Zulip Chat Archive

Stream: new members

Topic: x^2=0 implies x=0 (`cancel` from Heather MacBeth's course)


rzeta0 (Sep 01 2024 at 02:18):

I apologise for posting a question that is about the cancel tactic which is specific to Heather Macbeth's Mechanics of Proof course.

A sub-problem to the full exercise is that I need to show x2=0    x=0 x^2=0 \implies x=0 where xRx \in \mathbb{R}

She says specifically as an exercise hint:

The tactic cancel will be helpful to deduce that quantities are zero when their squares are known to be zero.

However previous uses of cancel require the quantity being cancelled to be positive, that is more than zero.
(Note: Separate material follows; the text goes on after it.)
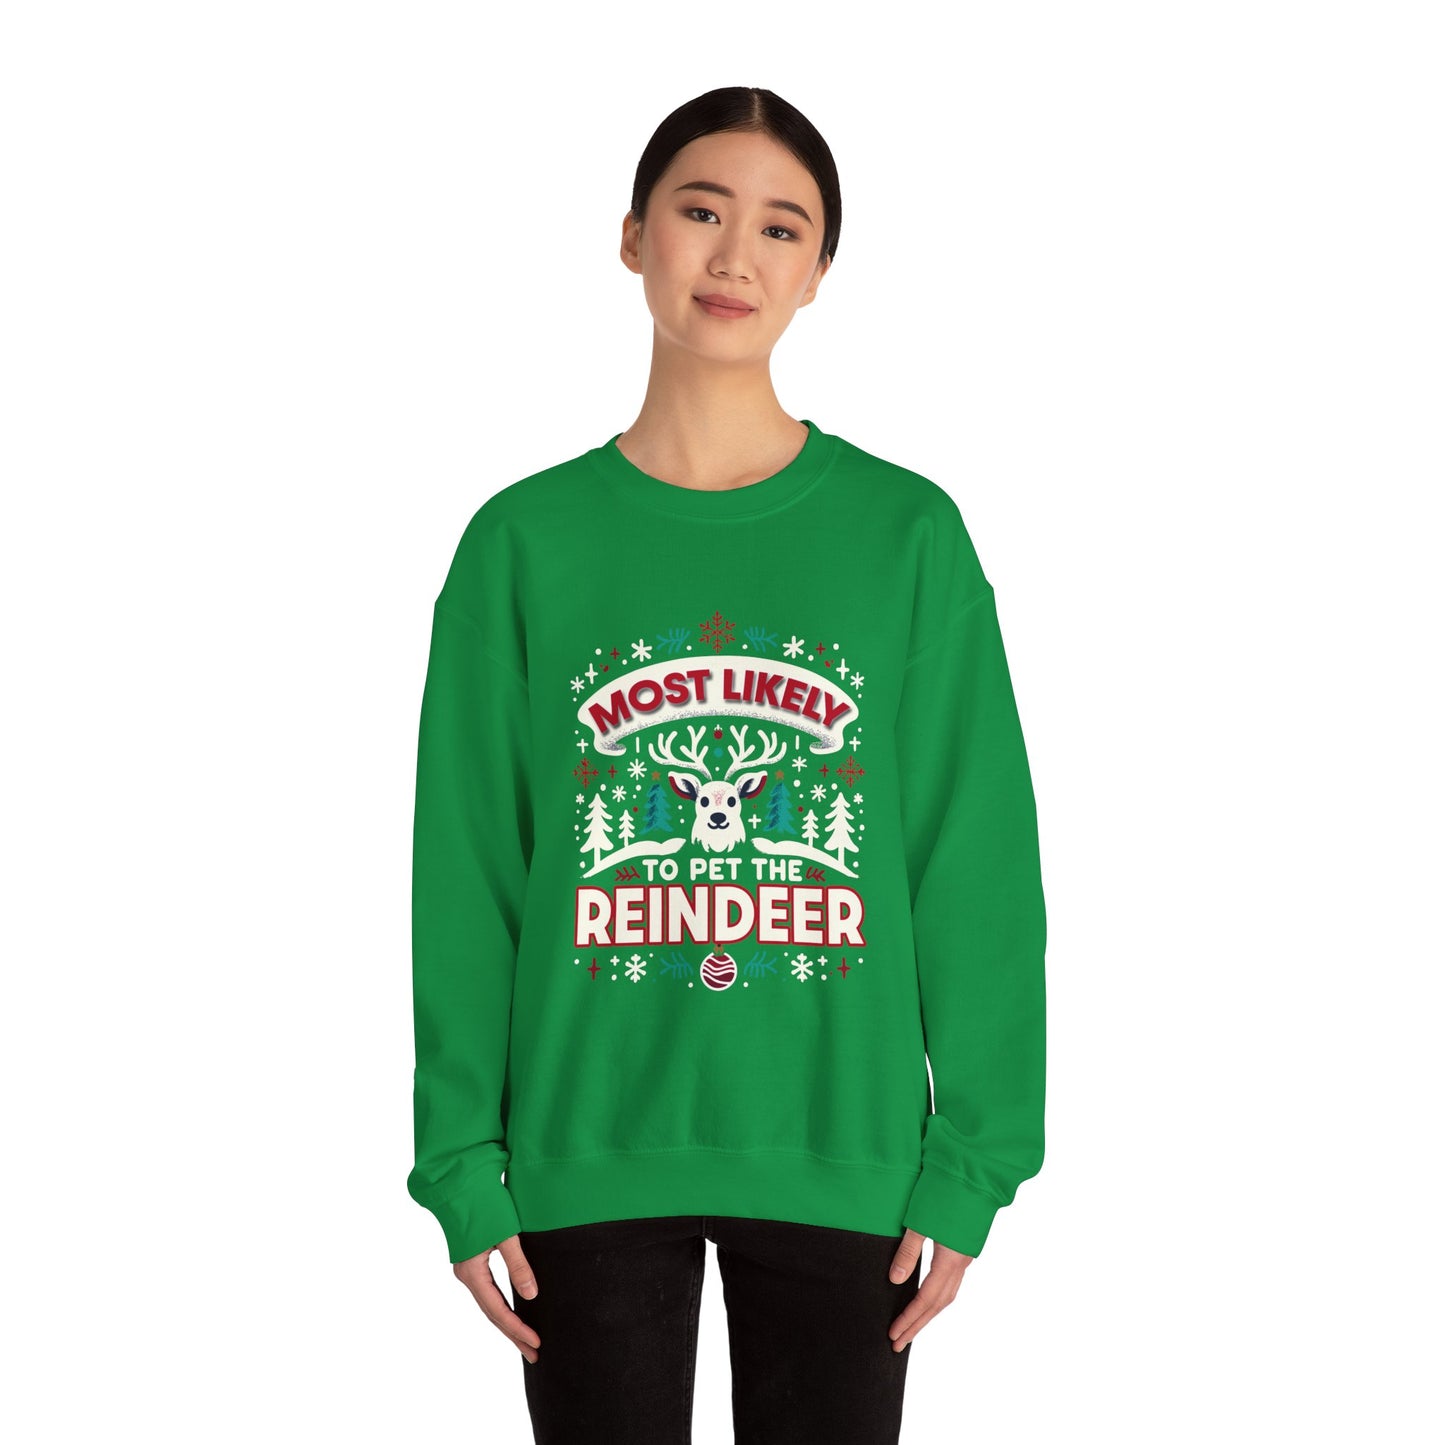 Most Likely to Pet the Reindeer Crewneck Sweatshirt

So the following minimal example fails:

example {x : } (hx: x^2 = 0) : x = 0 := by
  cancel x at hx

The error is:

cancel failed, could not verify the following side condition:
x : ℝ
hx : x ^ 2 = 0
⊢ 0 < x

After struggling with this for hours I'm starting to think I don't actually know what she means by "The tactic cancel will be helpful to deduce that quantities are zero when their squares are known to be zero."

Alexander Hilbert (Sep 01 2024 at 05:25):

#MWE please, cancel is unknown tactic to me. Maybe you can try contrapose! hx which transform to goal to x^2≠0 with hx : x≠0.